Ни широком переднем сиденье хватило бы места для них троих. Джон, сев за руль и захлопнув дверцу, обернулся, оглядывая своих пассажирок. Тина надела кремовое полупрозрачное платье, Лиз – бутылочно-зеленый костюмчик, а волосы подвязала широкой шелковой лентой. Они сидели, как скромные школьницы перед важным экзаменом.

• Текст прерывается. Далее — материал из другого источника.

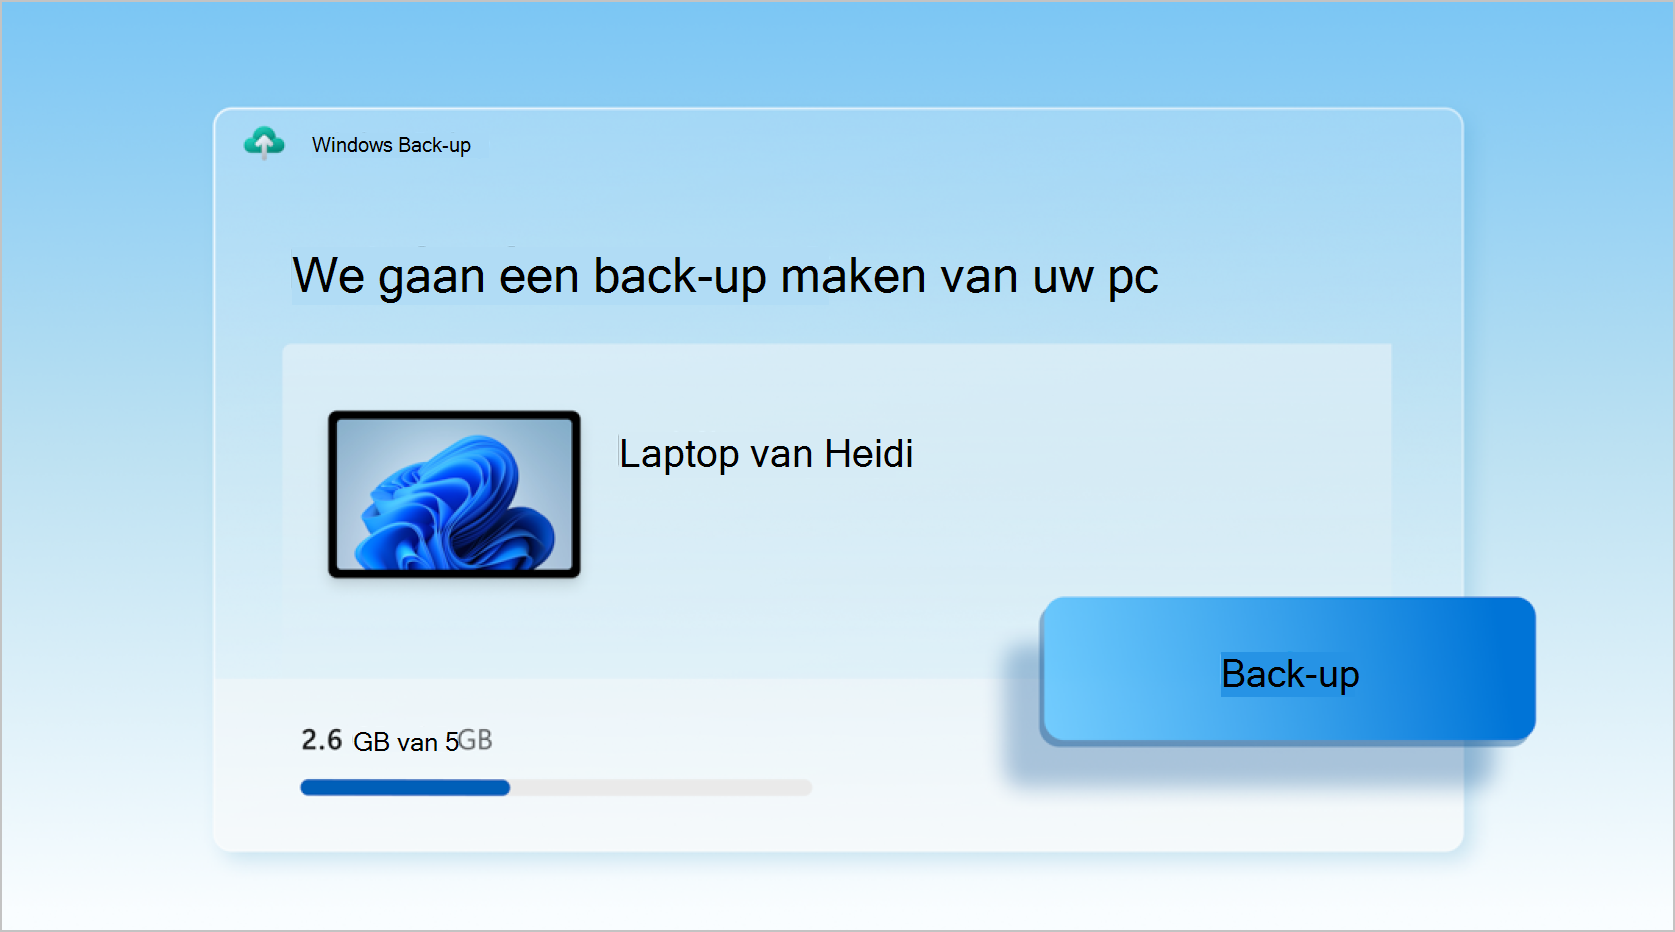 Schermopname van Windows Back-up die wordt gebruikt voor het maken van een back-up van een laptop.

– Мы хорошо смотримся, папа? – кокетливо спросила Лиз.
– Как пара мятных леденцов на палочке, – усмехнулся он. – Так и хочется съесть.
Он тронул машину с места, и они двинулись через плантацию банановых пальм по дороге, мощенной измельченными кораллами. Со всех сторон их окружали поля сладкого картофеля, сахарного тростника и кукурузы. Ветряные мельницы лениво махали крыльями в теплом воздухе, а узкие деревенские улицы были застроены прелестными «пряничными» домиками, погруженными в дремоту – шел час сиесты. Собаки нехотя лаяли на коз, над которыми вились мухи, а темнокожий мальчик недоуменно взглянул на проезжающую машину из-под полей соломенной шляпы и, прислонившись к глиняной стене, снова закрыл глаза.
– Заметили, как он на нас посмотрел? – улыбнулся Джон. – По его мнению, мы, англичане, сумасшедшие. Но я никогда не поддавался местной традиции ничего не делать, пока солнце в зените. Но припекает сильно, а, Тина?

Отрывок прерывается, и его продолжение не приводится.